No CodeQL runs were triggered during this audit.

[haasonsaas]

Additional live verification on 2026-05-21:

• gh search code 'github/codeql-action org:evalops path:.github/workflows' returned [].
• gh search code 'codeql org:evalops path:.github/workflows' returned [].
• Remaining CodeQL workflow records are GitHub-managed dynamic scanner records only:
  • evalops/platform workflow 267390102, dynamic/github-code-scanning/codeql, state active
  • evalops/cerebro workflow 264147529, dynamic/github-code-scanning/codeql, state active
  • evalops/chat workflow 254727389, dynamic/github-code-scanning/codeql, state active
  • archived evalops/fermata workflow 254669726, dynamic/github-code-scanning/codeql, state active
• Disable attempts against each dynamic workflow returned HTTP 422: Unable to disable this workflow.
• Old checked-in codeql.yml workflow records on evalops/platform and evalops/cerebro are disabled_manually; no codeql.yml files are present on main by code search.
• Guardrails: Cerebro action-factory policy now forbids **/codeql*.yml and **/codeql*.yaml; #1249 is in flight to align live policy checks without adding CodeQL.

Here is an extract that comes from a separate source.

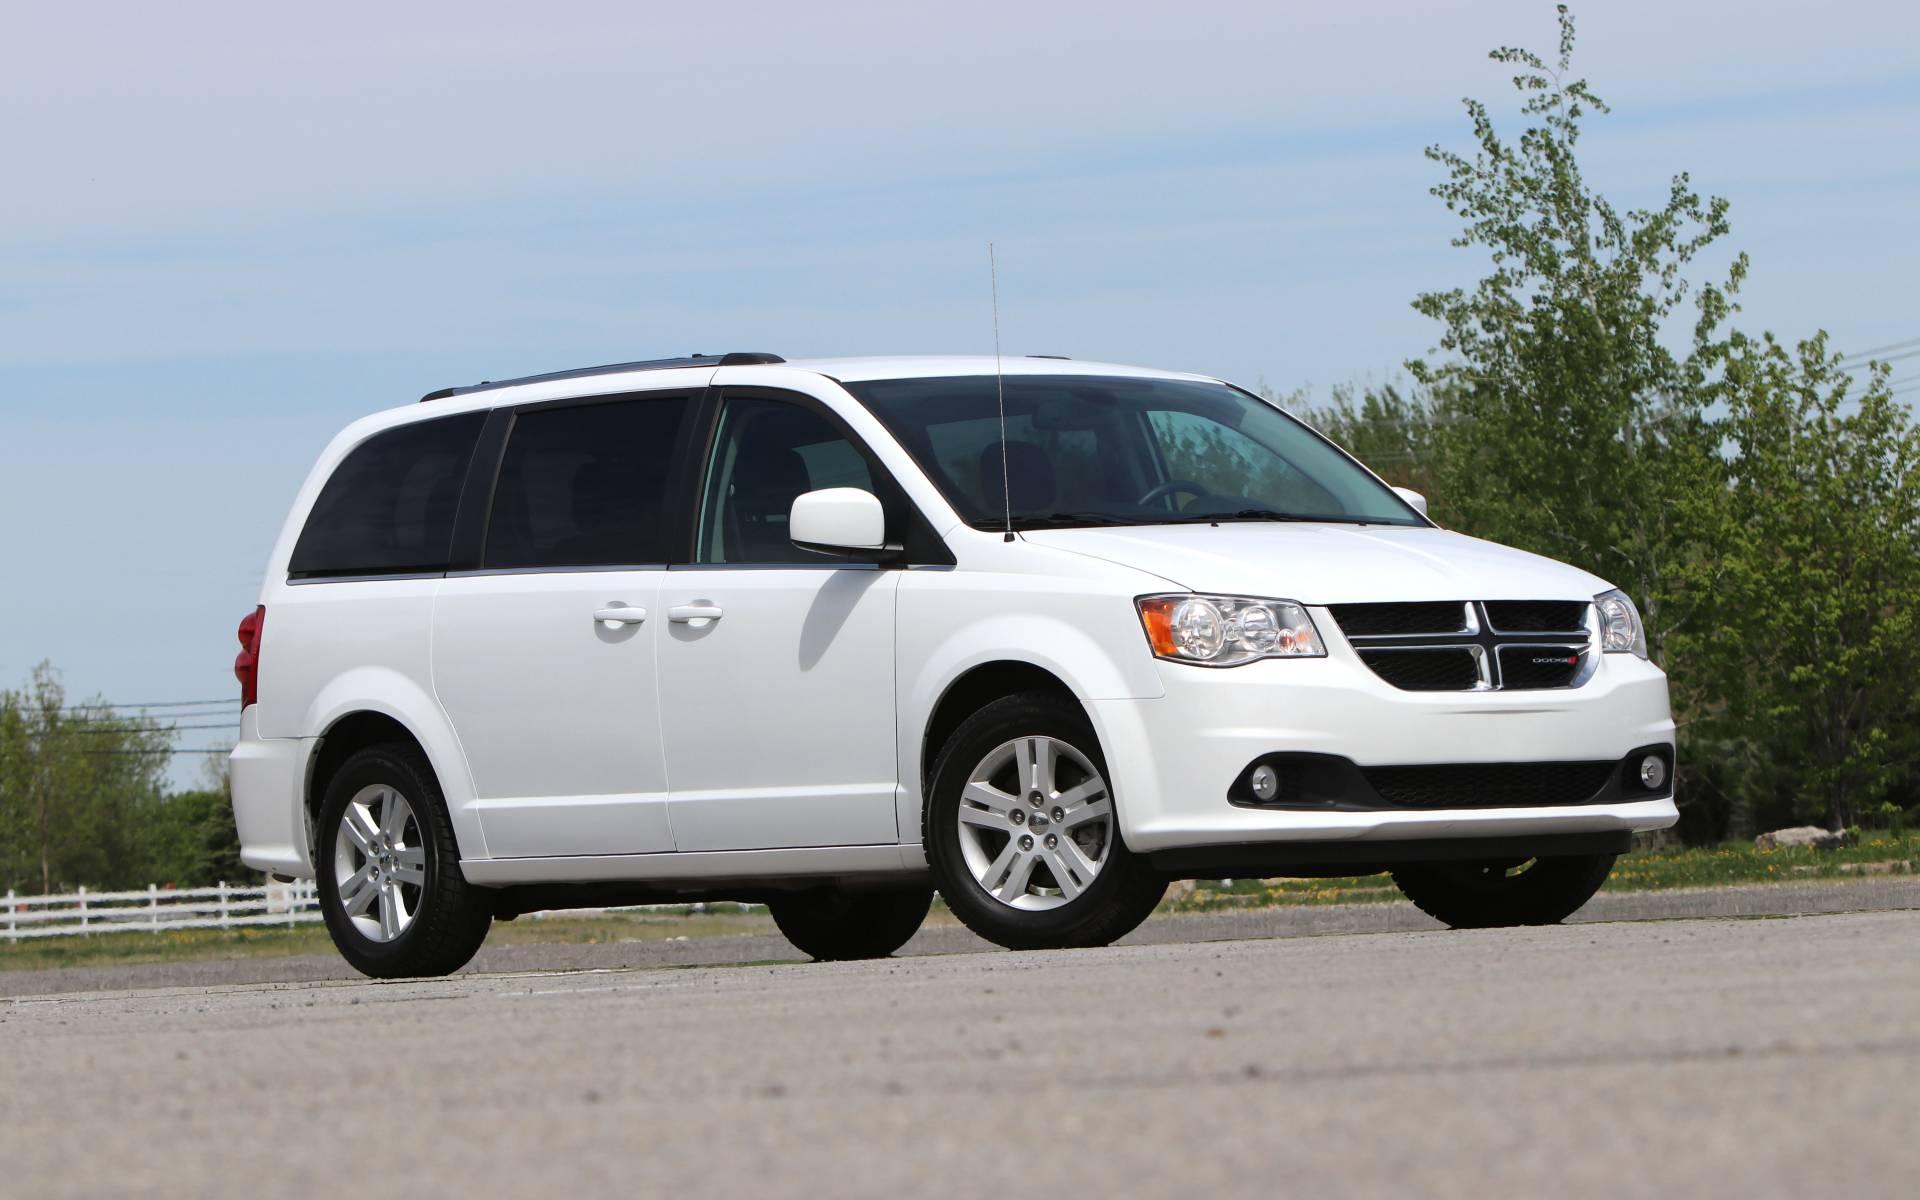 dodge grand caravan 2020 0 financing 1 Dodge Grand Caravan: One Last Time - The Car Guide

So the repository-level kill state is done. The only remaining kill switch is GitHub code-scanning/security settings for those dynamic records, not workflow files.

[haasonsaas]

CodeQL kill switch follow-up, 2026-05-21:

• Re-attached enforced org security configuration 245233 (EvalOps security baseline recommended) to scope: all repos.
• Verified default for new repos is this baseline with code_scanning_default_setup: disabled and advanced_security: secret_protection.
• Verified all repos attached to the baseline show enforced.
• Verified representative active repos now report security_and_analysis.code_security.status == disabled: deploy, platform, cerebro, chat, nimbus, maestro-internal, conductor, ensemble, console, hopper, fabric.
• Verified checked-in workflow search is clean:
  • gh search code 'codeql org:evalops path:.github/workflows' => []
  • gh search code 'github/codeql-action org:evalops path:.github/workflows' => []
• Dynamic GitHub-managed workflow records still exist and cannot be disabled through the Actions workflow API; GitHub returns 422 Unable to disable this workflow for the generated dynamic/github-code-scanning/codeql records on platform, cerebro, and chat. These are now backed by repo/org security state that has Code Security disabled, so the actual CodeQL runner path is off rather than merely hidden in source.
• Latest dynamic CodeQL runs observed before/around the baseline change:
  • platform: latest listed run 2026-05-03T03:33:57Z
  • cerebro: latest listed run 2026-05-21T00:42:02Z
  • chat: latest listed run 2026-05-21T00:42:03Z

Net: CodeQL is not present in checked-in workflows, not default-enabled for new repos, and Code Security is disabled across the active repos rechecked after reattaching the enforced baseline. The only remaining CodeQL-looking objects are GitHub's undeletable generated workflow records.